| Task material |
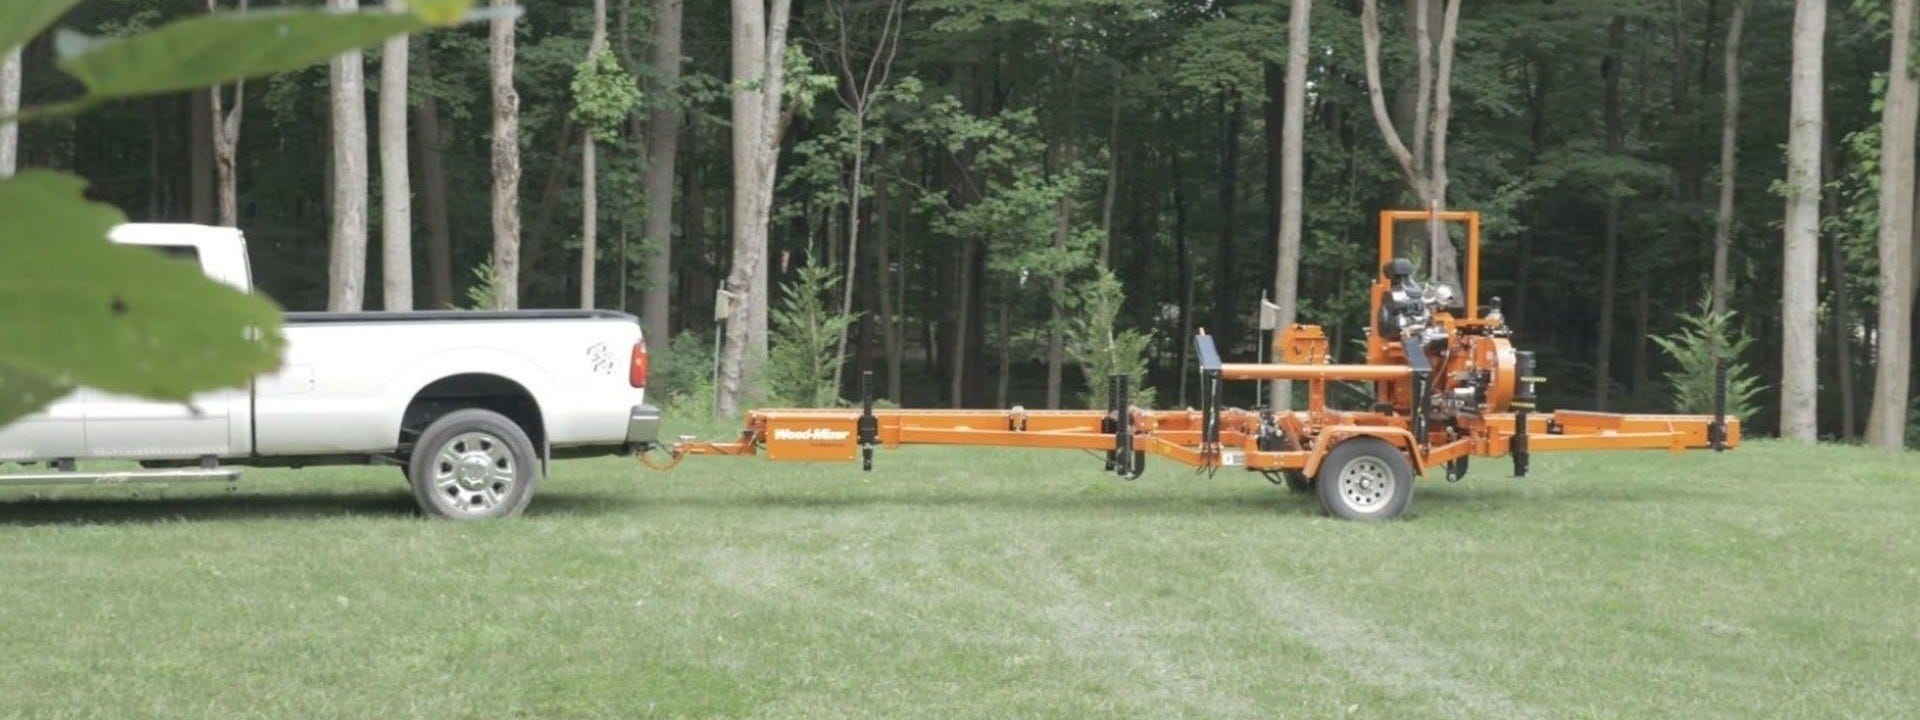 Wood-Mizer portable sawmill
---
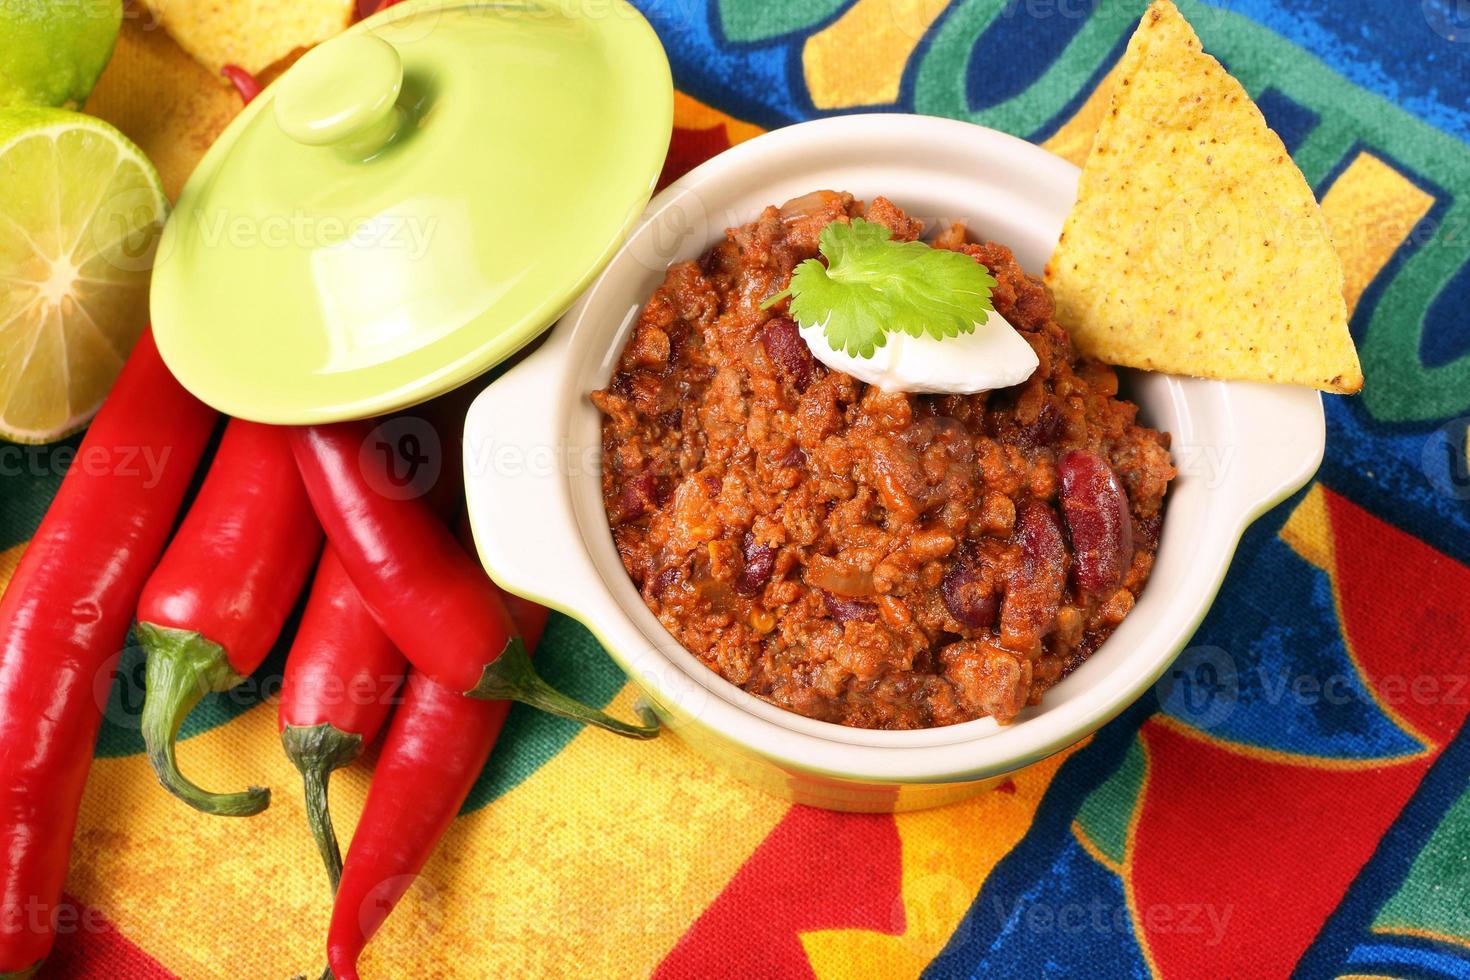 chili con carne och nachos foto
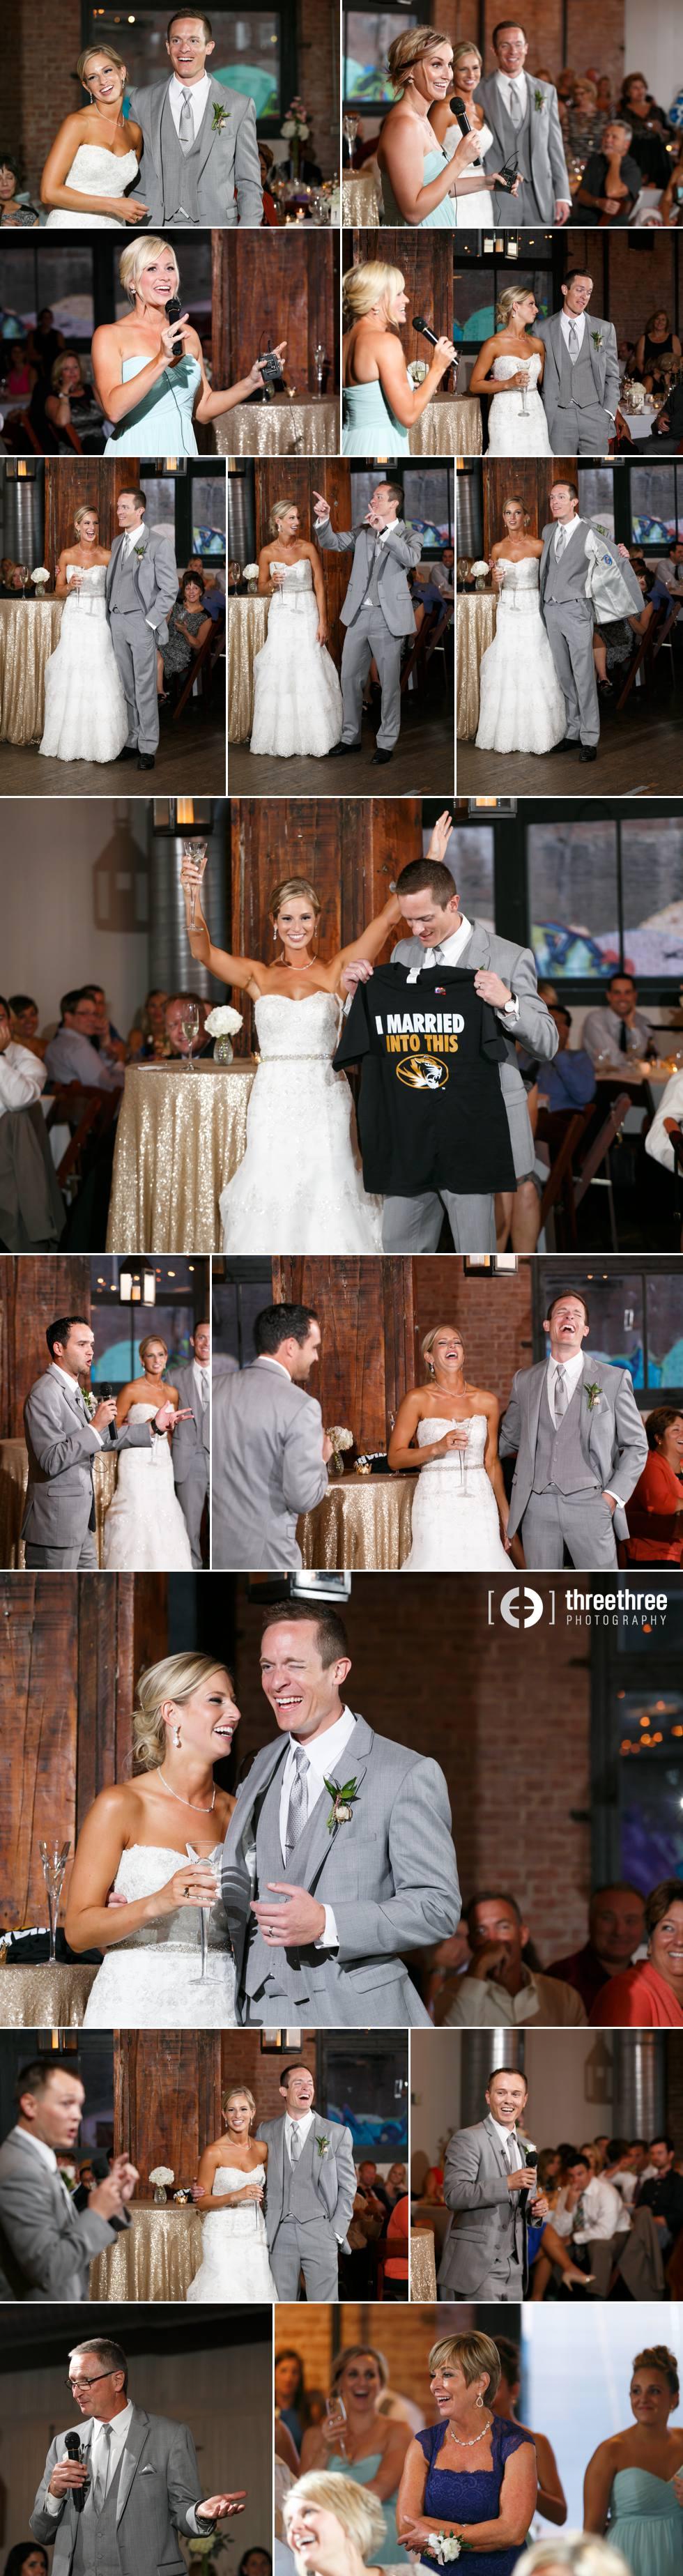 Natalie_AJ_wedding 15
---
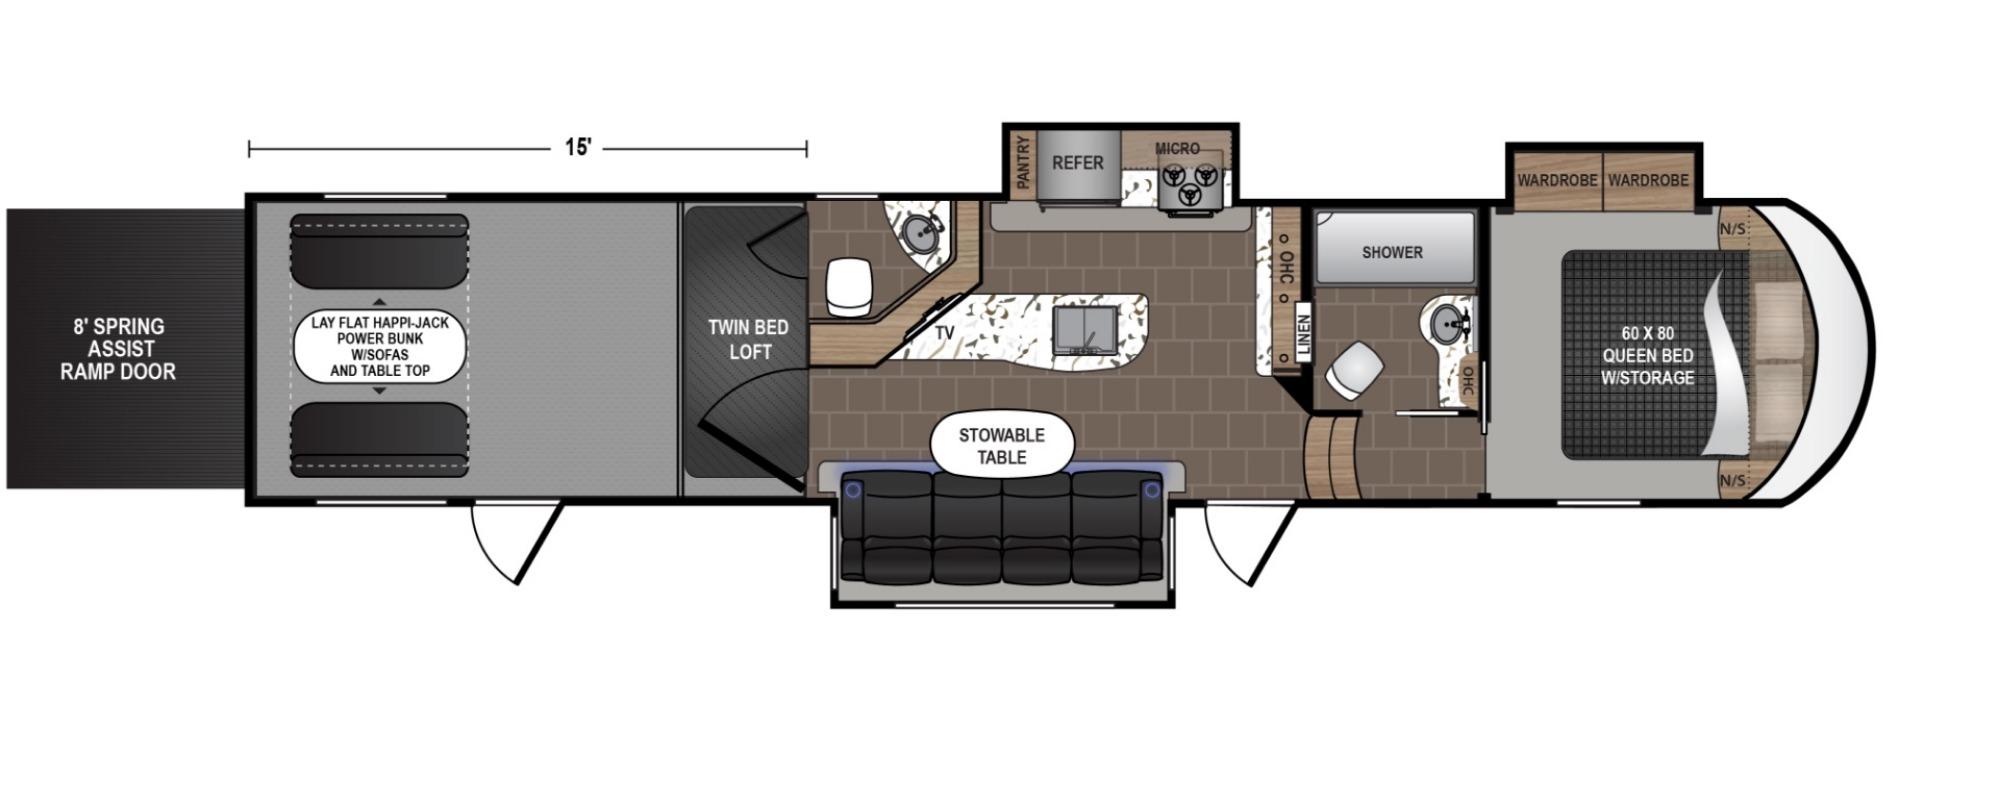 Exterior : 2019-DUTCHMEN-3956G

| What you need to do |
Start at the line containing "chili con carne och nachos foto" above and stop at the line containing "Natalie_AJ_wedding 15". Output those lines exactly, both included, but none of the pictures.

| Final answer |
 chili con carne och nachos foto
 Natalie_AJ_wedding 15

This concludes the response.